President Obama has called for a half-day, bipartisan healthcare summit at the Blair House on February 25th, “I want to…have a large meeting, Republicans and Democrats, to go through systematically all the best ideas that are out there and move it forward.” But the President refuses to start from scratch, and Republicans fear that a half-day event focusing on thousands of pages from a rejected healthcare plan is nothing more than a political trap. Is it time to move beyond complex, expensive healthcare fixes and “recall” America’s healthcare system to make the systemic changes that are necessary?
Toyota has finally faced the need for an agonizing series of recalls and production shutdowns to make the system and assembly changes that are providing real solutions. But as PR expert Albert Tortorella observed, "Before 1982, nobody ever recalled anything. Companies often fiddle while Rome burns." What really makes mistakes expensive is not admitting them right away.

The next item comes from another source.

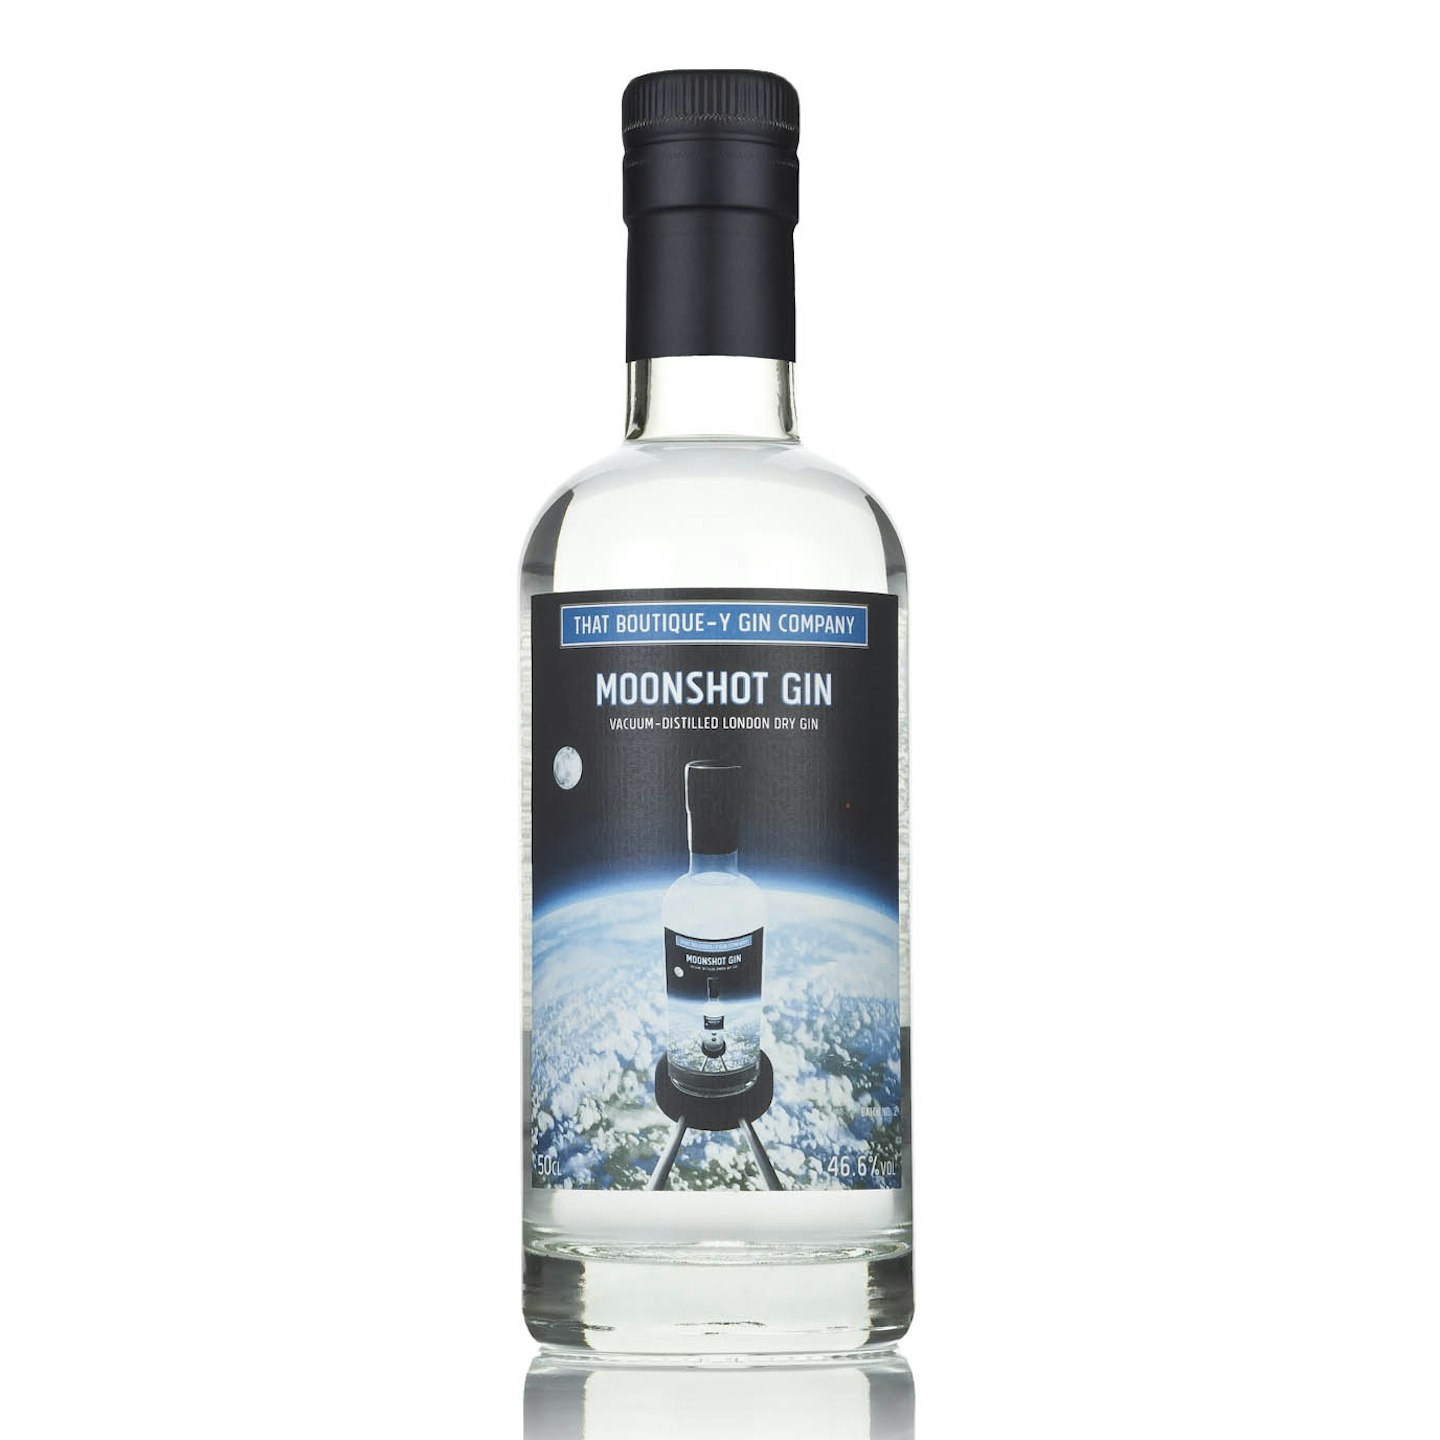 Moonshot Gin from That Boutique-y Gin Company

Leaders have a tendency to never admit to mistakes but to bury them instead or to blame someone else. They often don’t act until 60 Minutes or lawsuits provide the motivation. Politicians tend to do the same thing, but it’s time to face the need for systemic changes that should have been done years ago.
Obviously, there are no easy fixes. Ultimately, politicians will need to address realistic tort reform, uniform digital records, sane regulatory controls, and coverage for the truly poor. But first, it’s time for government and corporations to get out of the middle. It’s time to put every citizen back in control of their own portable healthcare plan.
Too many Americans are stuck in jobs they hate because they can’t afford to be stuck with expensive COBRA policies they can’t afford. Once coverage is lost, they face underwriting exclusions for the very things they need coverage for. The cost of healthcare coverage for companies and organizations continues to grow at a double-digit rate at a time where everyone is trying to cut costs. Citizens and organizations are both living an exploding healthcare nightmare.